Air Austral has major ambitions in the Australian market, which it starts serving with Boeing 777-300ERs this April.

But just how big its other plans for Australia are has now become much more apparent. This is not just about flying to Paris the long way via the sleepy outpost of St Denis on the island of La Reunion in the Indian Ocean, but about realising the potential of the giant Airbus for ultra cheap long haul low cost services.

Almost everyone in the airline game has been waiting for someone to decide to use an A380 to do what Ryanair, and locally Jetstar and Tiger, have been doing in domestic cheap flights.

Pack them in, and divide the fixed costs of the airliner between more passengers, so that you radically expand the market from a position of price leadership.

What Jetstar has achieved by putting 180 seats in its domestic A320s that full service carriers used to fly with 130 seats (apart from causing crippling discomfort to full sized passengers) shows the power of the low cost airline model.

Until recently Emirates and Jetstar had been the prime candidates for high density low fare A380 flights to Australia sometime in the future.

Emirates starting talking up the use of 640 seat versions of its A380s for flights to secondary cities like Adelaide four years ago, for fares of less than $1000 return. It had the German backpacker market specifically in mind, given that it is already the major Australia-Germany carrier, and that those visitors generally averaged three months in Australia, travelled widely, and couldn’t care less what airports they used because they were coming for leisure rather than business purposes.

Then it went cool on the idea. After which Jetstar mentioned in a low key manner on several occasions that the A380 ultimately had huge potential as an instrument of low cost mass tourism stimulation.

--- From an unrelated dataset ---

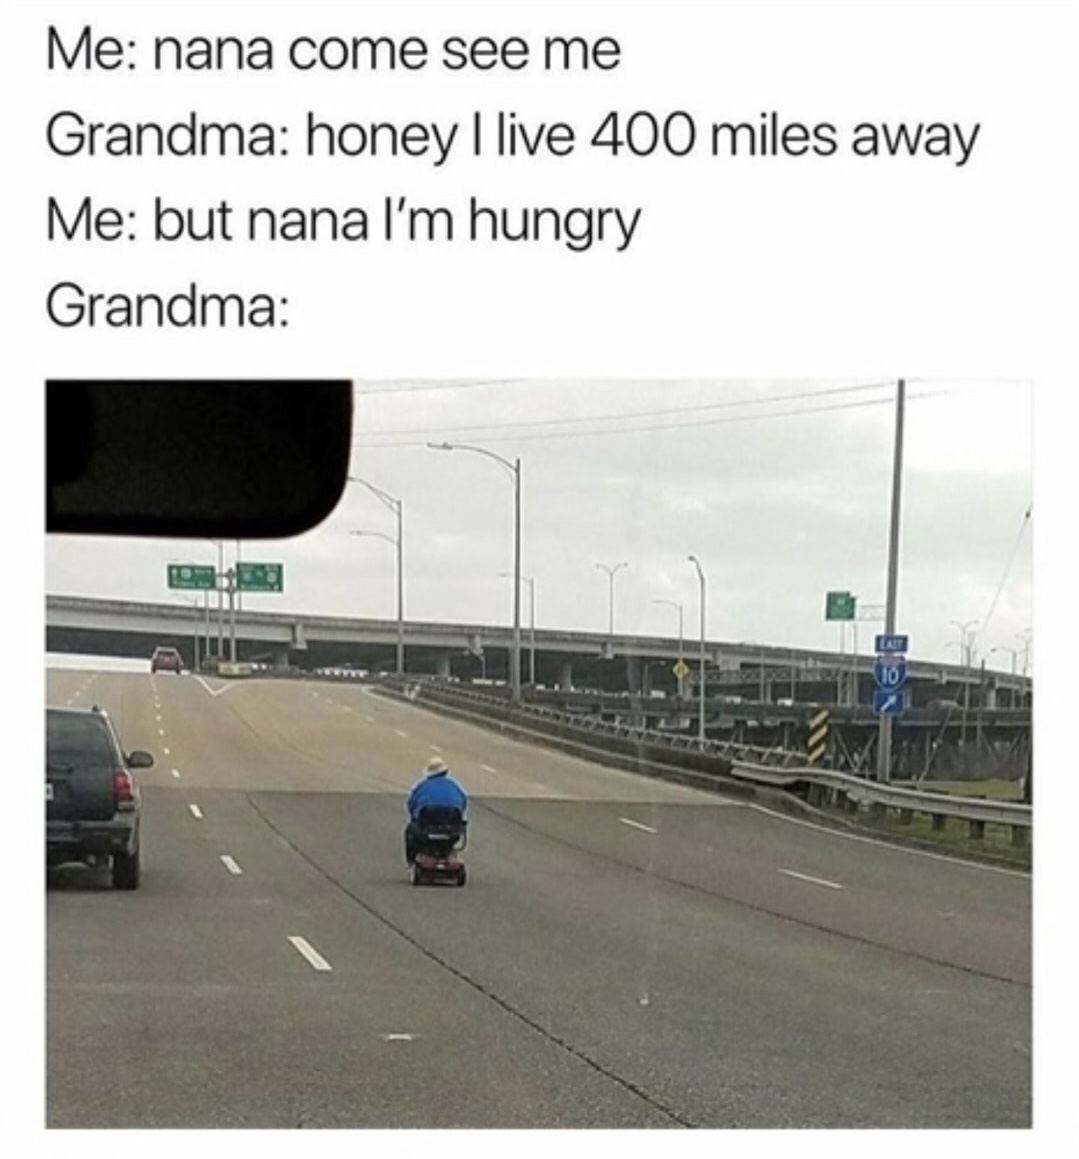 grandma i m hungry meme - Me nana come see me Grandma honey I live 400 miles away Me but nana I'm hungry Grandma Cuba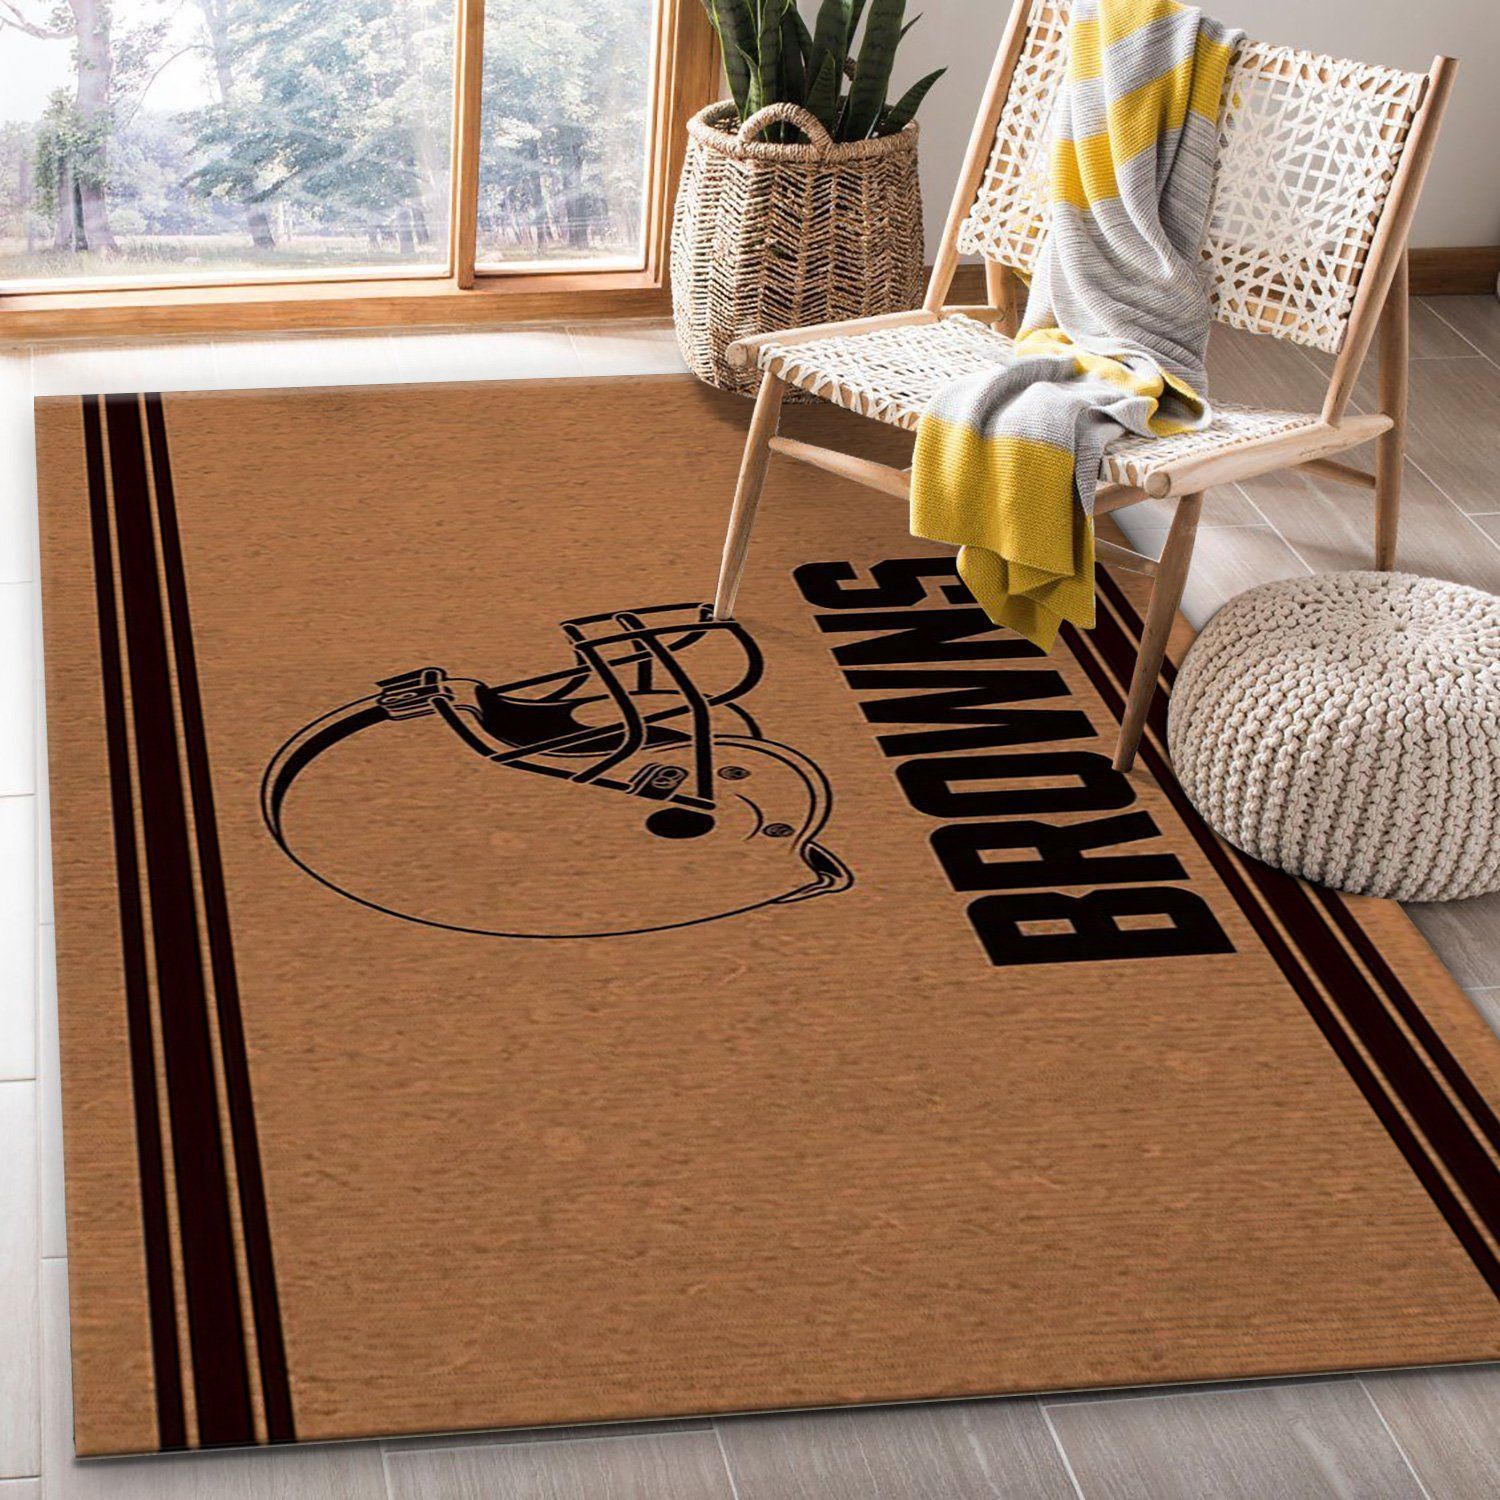 Cleveland Browns Brown Logo NFL Area Rug Carpet

But there is an additional angle to the Air Austral plan. It hasn’t talked of using them to Australia, but between France and La Reunion, where it is developing, implausibly, an Indian Ocean version of Singapore’s Changi airport, with connections between Australia, South Africa, the Seychelles, nearby Mauritius and Marsailles, among others.

For Qantas and Virgin Blue’s V Australia subsidiary, this has implications. The Johannesburg route is a good earner for Qantas, and Virgin Blue has already been given approval to compete on it using V Australia flights from late this year, after it has muscled in on the Qantas dominated routes to Los Angeles.

Air Austral could really upset both carriers, although Qantas does have 20 A380s on order and options or purchase rights for at least another 16.

The economies of scale of the A380, with very low fuel burns per passenger in high capacity formats, make it a competitive sledge hammer.

An Indian ocean rival to Changi or Dubai could be just what Australian tourism needs in order to develop new mass markets and inspire renewed competition, and the last thing the established carriers would want.